POL( B(x1) ) = x1 + 1


POL( a(x1) ) = x1 + 1



The following usable rules [17] were oriented:

b(a(x1)) → a(b(b(x1)))
a(a(b(x1))) → b(a(b(c(a(x1)))))
b(c(a(x1))) → c(a(b(x1)))



↳ QTRS
  ↳ QTRS Reverse
  ↳ QTRS Reverse
  ↳ DependencyPairsProof
    ↳ QDP
      ↳ RuleRemovalProof
        ↳ QDP
          ↳ QDPOrderProof
QDP
              ↳ QDPOrderProof

Q DP problem:
The TRS P consists of the following rules:

A(a(b(x1))) → B(a(b(c(a(x1)))))
B(c(a(x1))) → A(b(x1))

The TRS R consists of the following rules:

a(a(b(x1))) → b(a(b(c(a(x1)))))
b(a(x1)) → a(b(b(x1)))
b(c(a(x1))) → c(a(b(x1)))

Q is empty.
We have to consider all minimal (P,Q,R)-chains.
We use the reduction pair processor [15].

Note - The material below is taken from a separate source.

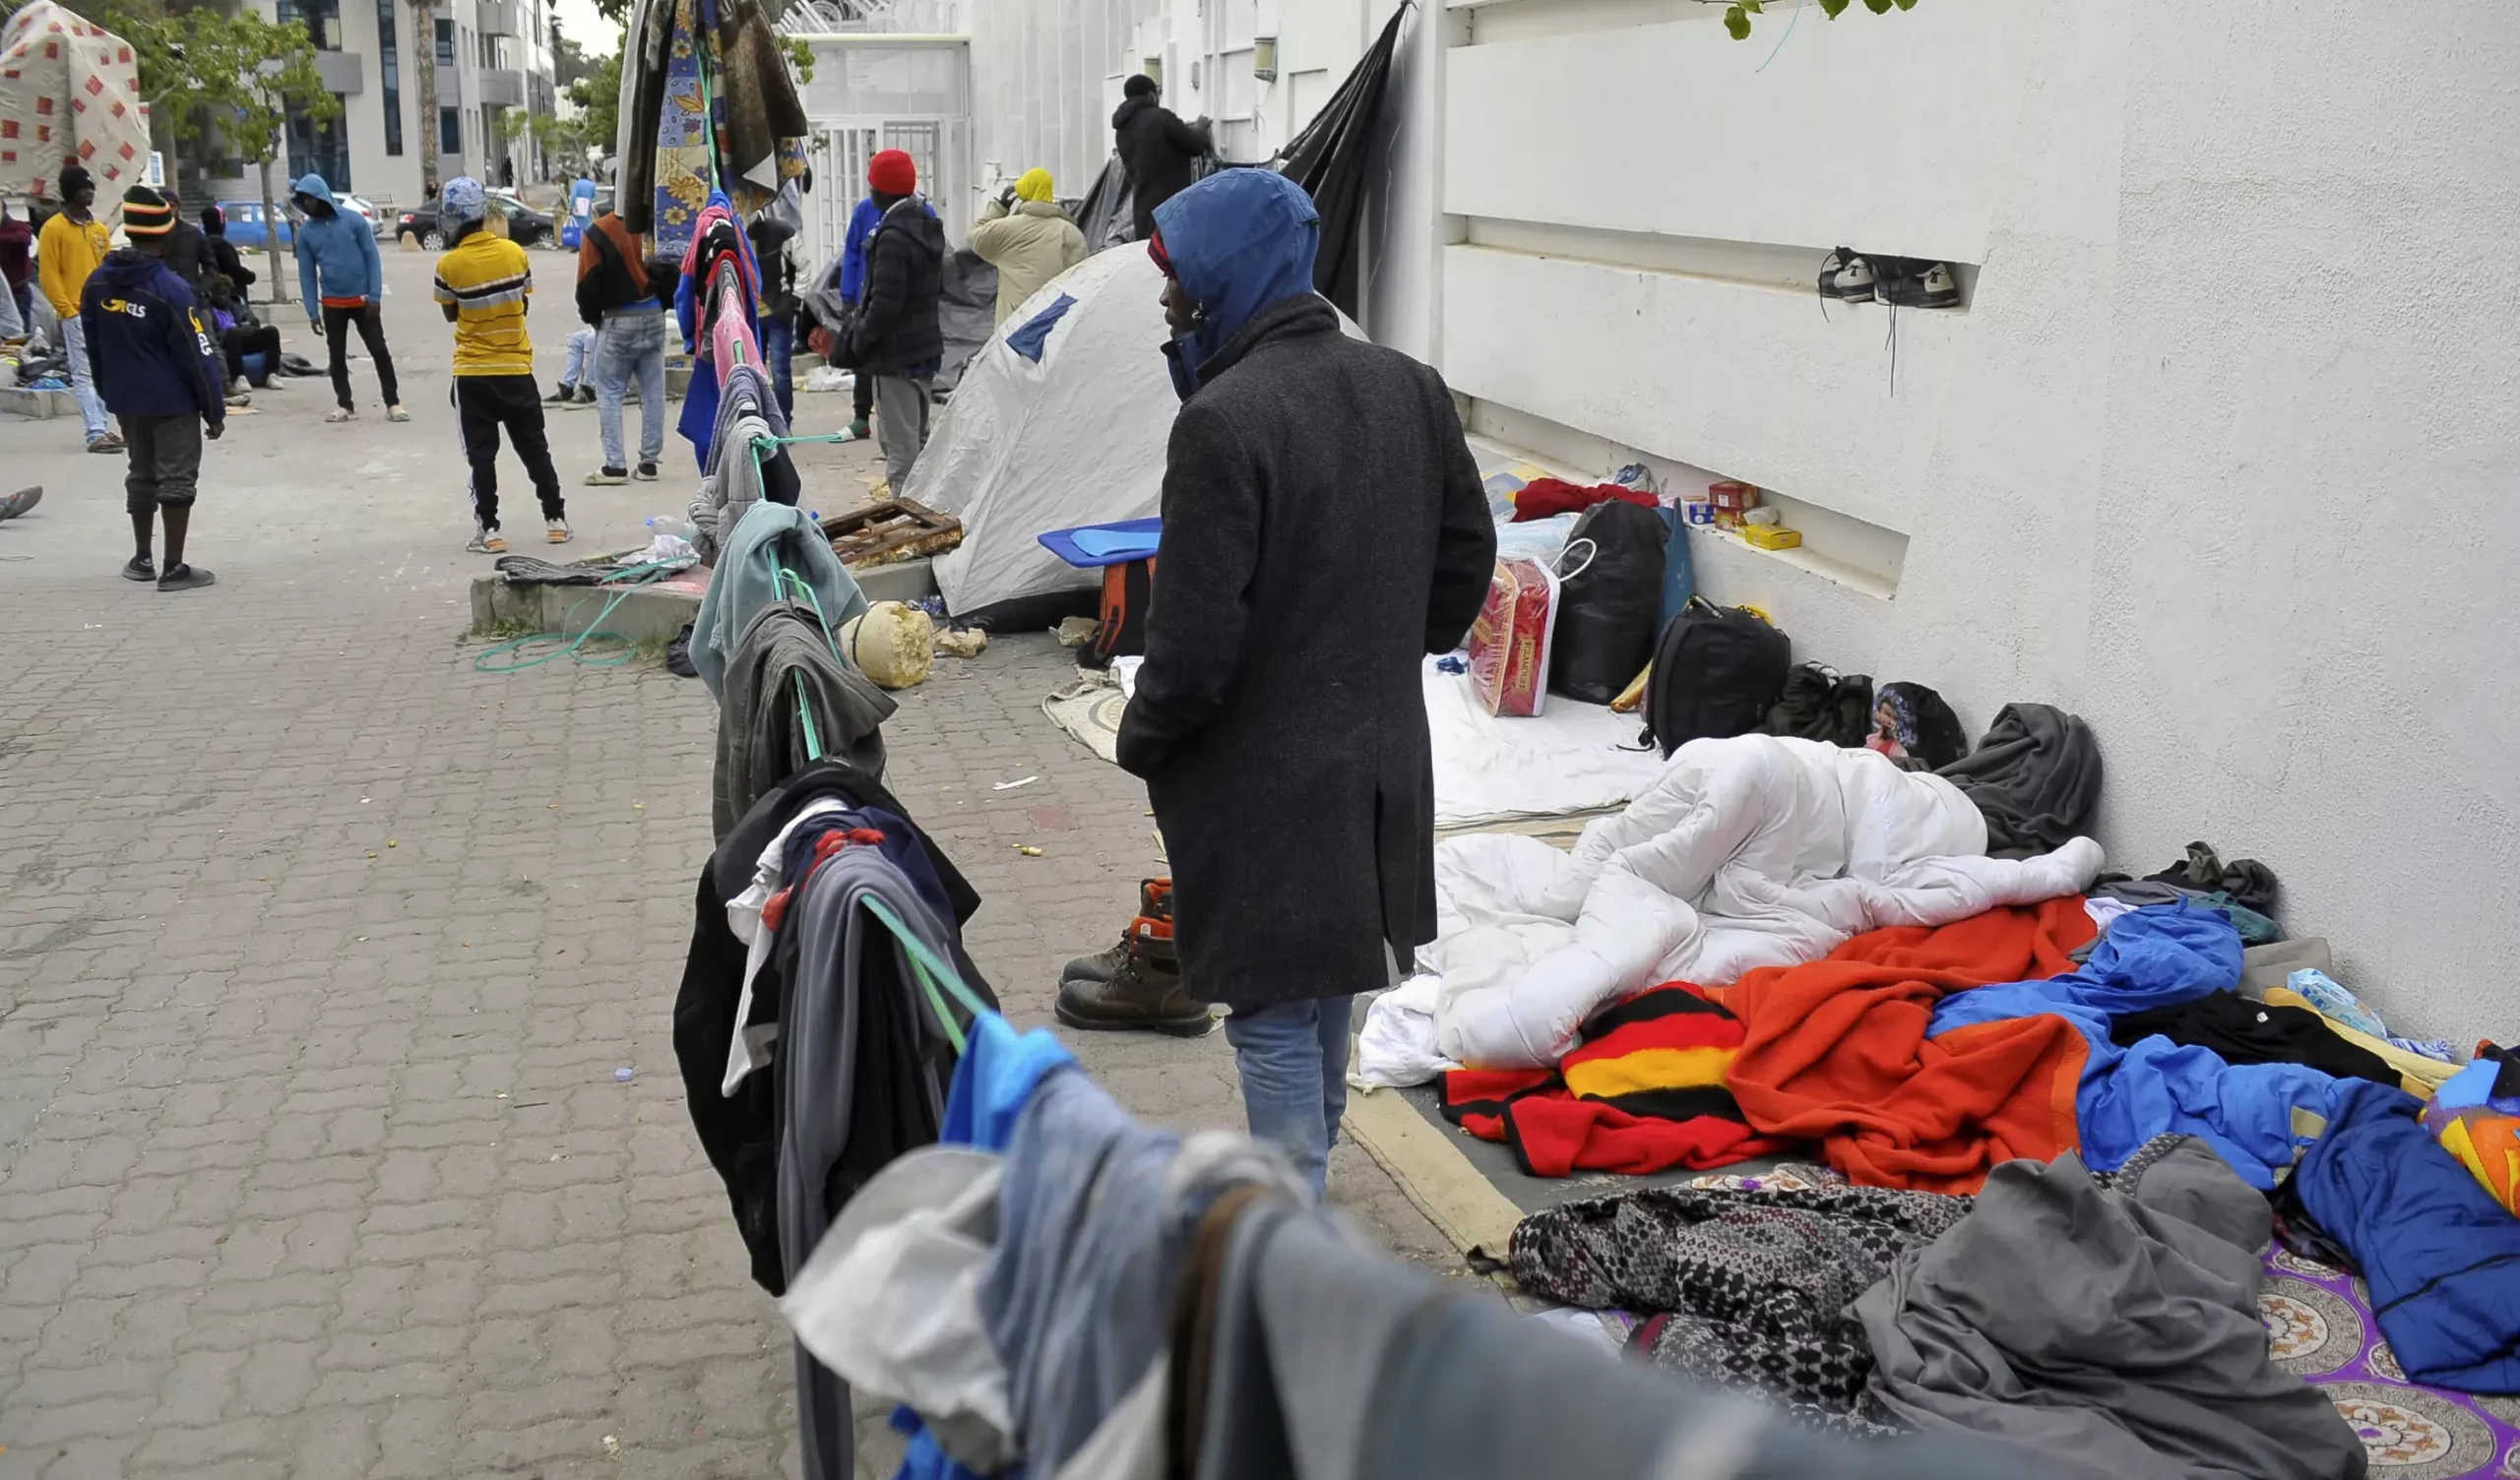 Europa se hai ancora un briciolo di umanità ferma il pogrom di migranti in Tunisia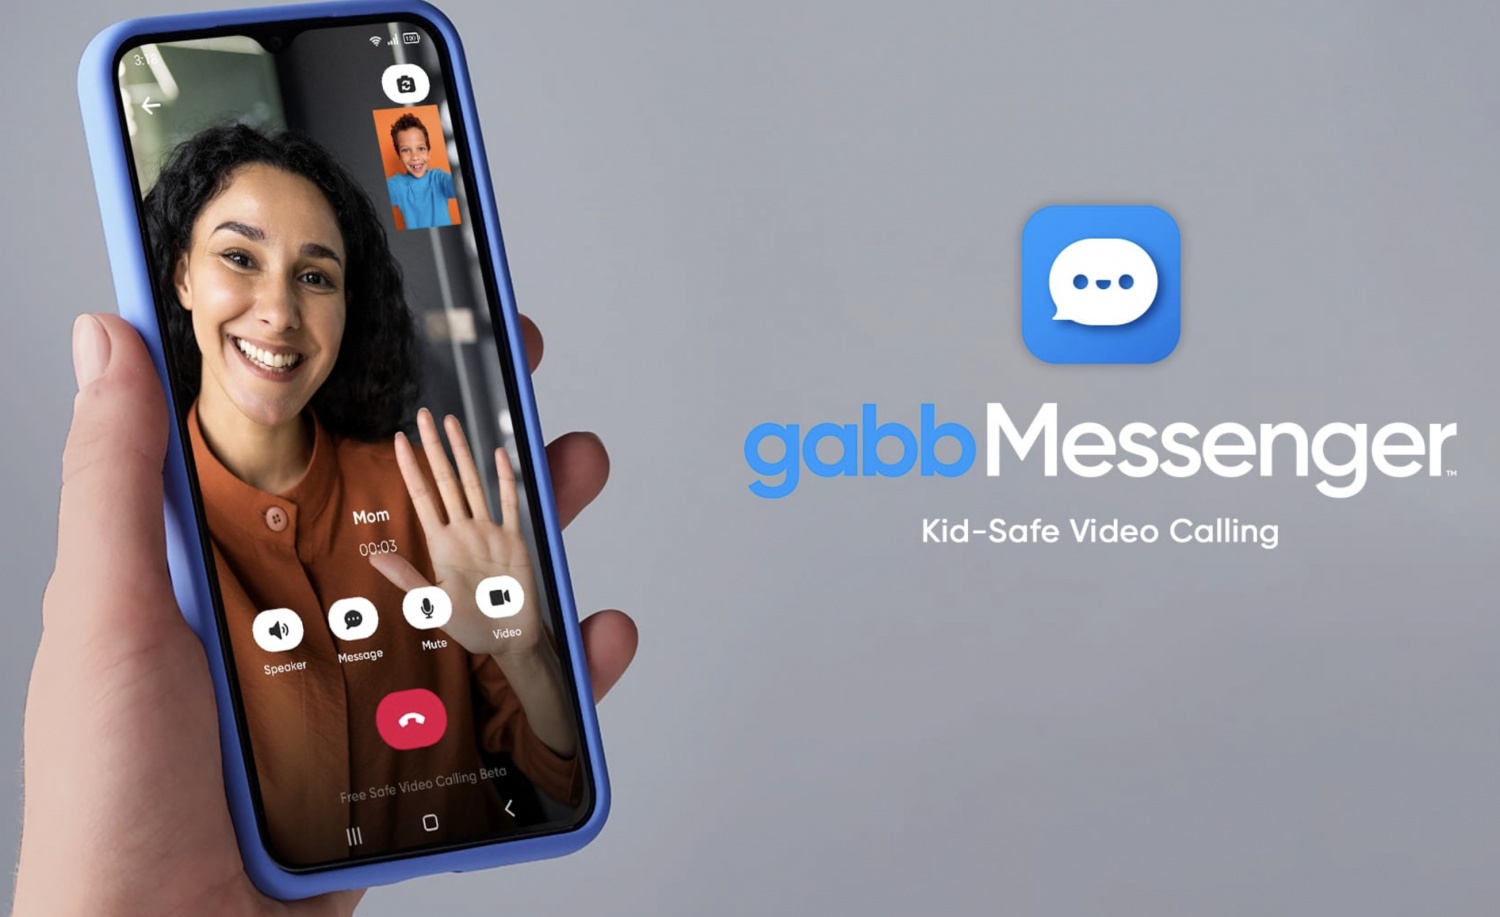 Gabb Messenger

The following pairs can be oriented strictly and are deleted.


B(c(a(x1))) → A(b(x1))
The remaining pairs can at least be oriented weakly.

A(a(b(x1))) → B(a(b(c(a(x1)))))
Used ordering: Polynomial Order [21,25] with Interpretation:

POL( A(x1) ) = 0


POL( c(x1) ) = 1


POL( b(x1) ) = x1


POL( B(x1) ) = x1


POL( a(x1) ) = max{0, -1}



The following usable rules [17] were oriented:

b(a(x1)) → a(b(b(x1)))
a(a(b(x1))) → b(a(b(c(a(x1)))))
b(c(a(x1))) → c(a(b(x1)))



↳ QTRS
  ↳ QTRS Reverse
  ↳ QTRS Reverse
  ↳ DependencyPairsProof
    ↳ QDP
      ↳ RuleRemovalProof
        ↳ QDP
          ↳ QDPOrderProof
            ↳ QDP
              ↳ QDPOrderProof
QDP
                  ↳ DependencyGraphProof

Q DP problem:
The TRS P consists of the following rules:

A(a(b(x1))) → B(a(b(c(a(x1)))))

The TRS R consists of the following rules:

a(a(b(x1))) → b(a(b(c(a(x1)))))
b(a(x1)) → a(b(b(x1)))
b(c(a(x1))) → c(a(b(x1)))

Q is empty.
We have to consider all minimal (P,Q,R)-chains.
The approximation of the Dependency Graph [15,17,22] contains 0 SCCs with 1 less node.